アロディニアは片頭痛、群発頭痛でも認められると言われています、ここまで書けば神経障害性疼痛に特異的な症状で無いことが判ってもらえると思います。
口腔顔面痛の臨床においてアロディニアがよく診られるのは、神経障害性疼痛例、筋・筋膜疼痛例と神経障害性疼痛と筋・筋膜疼痛の重複例です。 筋・筋膜疼痛単独でも関連痛が感じられる部分にallodyniaが生じます。

口腔顔面痛専門医に、神経障害性疼痛と診断され、プレガバリン、アミトリプチリンなどの薬剤を処方されているが改善しないと言う症例を診ます。何故、改善しないのかの疑問に答えます。
典型的な症例では、神経経支配に沿ってallodyniaが認められたことから神経障害性疼痛と診断したのだと推定されるのですが、allodyniaに加えて、咬筋、側頭筋に筋・筋膜疼痛があり、圧痛診査によりallodyniaが認められた部分に関連痛が生じます。診断は神経障害性疼痛疑い プラス 筋・筋膜疼痛となります。

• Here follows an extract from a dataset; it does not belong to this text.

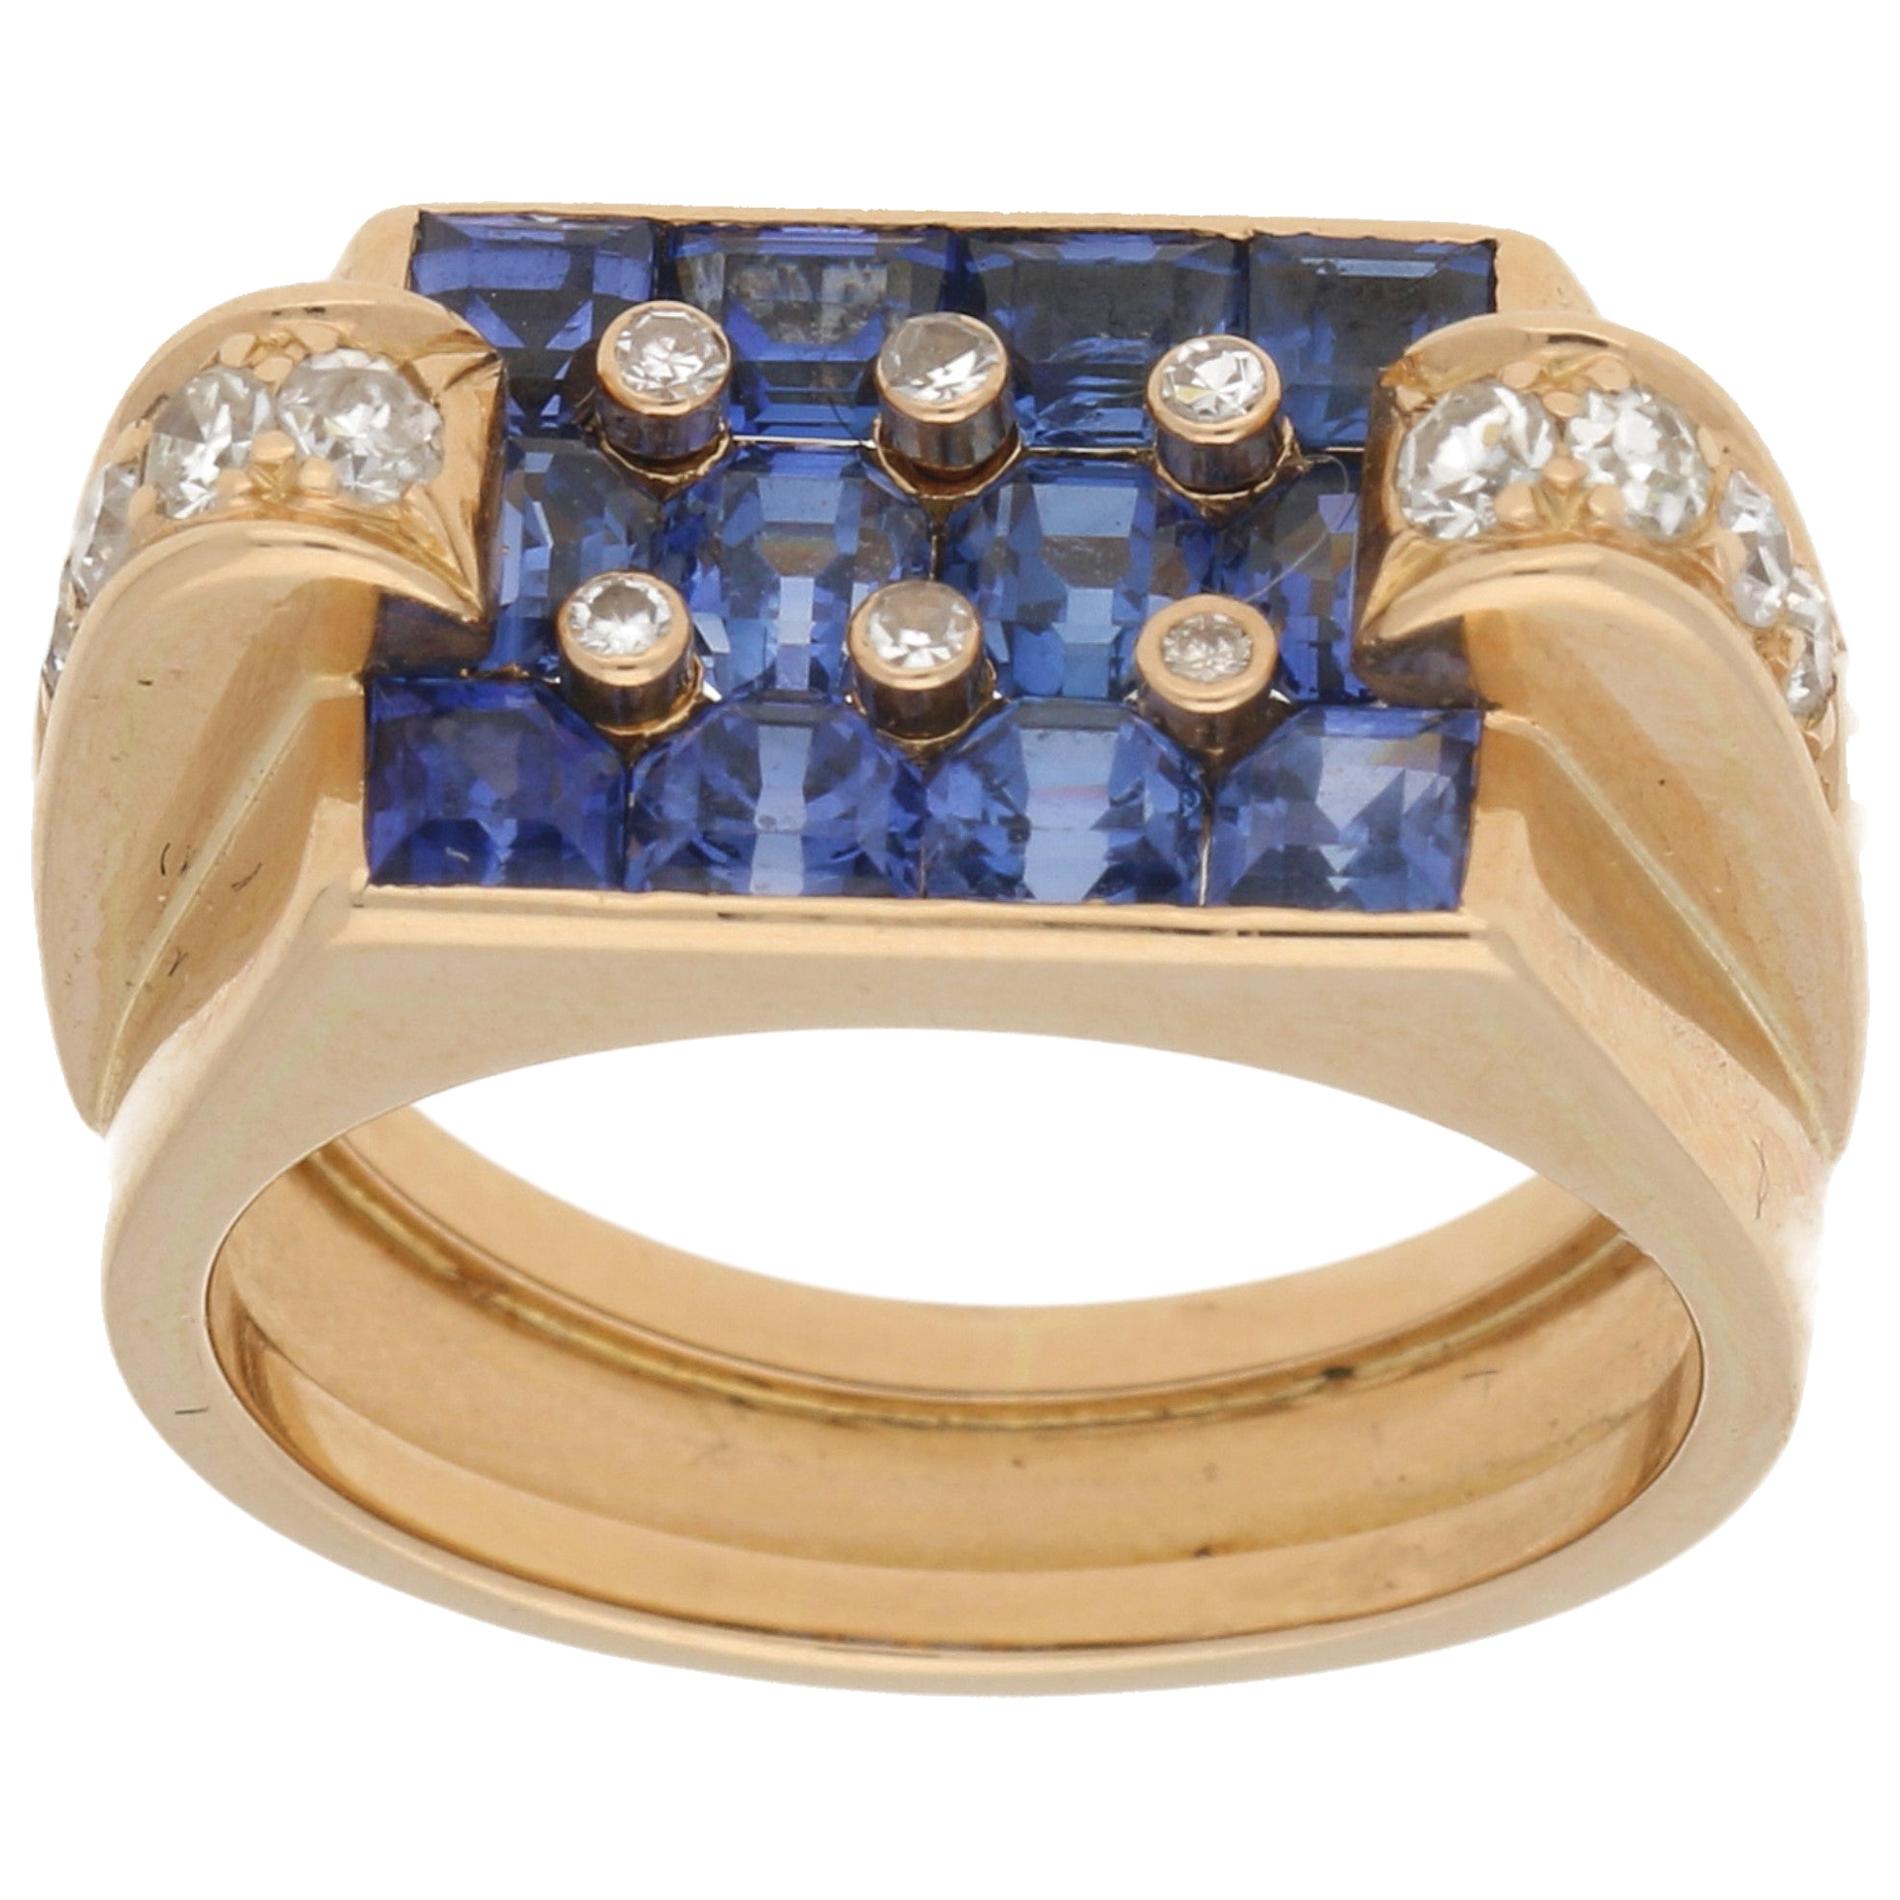 Sapphire and Diamond Cocktail Ring Set in 18k Rose Gold, circa 1940

このような例の治療はプレガバリン、アミトリプチリンなどの薬剤の処方はファーストチョイスでないだけでなく、薬物療法を先行すべきではありません。神経障害性疼痛と筋・筋膜疼痛の重複例では、神経障害性疼痛に対してプレガバリン、アミトリプチリンなどの薬物療法が奏功しても、筋・筋膜疼痛にマスクされて痛みの自覚症状の改善はありません。筋・筋膜疼痛が重複している場合の治療順番は必ず1.筋・筋膜疼痛、改善後に2.神経障害性疼痛です。
1.筋・筋膜疼痛の治療による痛みが改善し、allodyniaも消失したら、痛み、allodyniaとも筋・筋膜疼痛による症状と理解出来ます。
2.筋・筋膜疼痛の治療により、痛みは完全消失していないが、筋圧痛による関連痛が消失した。allodyniaも残っている。この状況で残っているallodyniaは神経障害性疼痛によると考えて、薬物療法を開始する。
3.薬物療法の結果、自発痛は消失したがallodyniaは残っている場合がある。自発痛は生じないまで改善したが、刺激による誘発痛としてのallodyniaは残っている。完全消失しない場合もあると考え、自発痛が無ければ自然経過を観察すべき。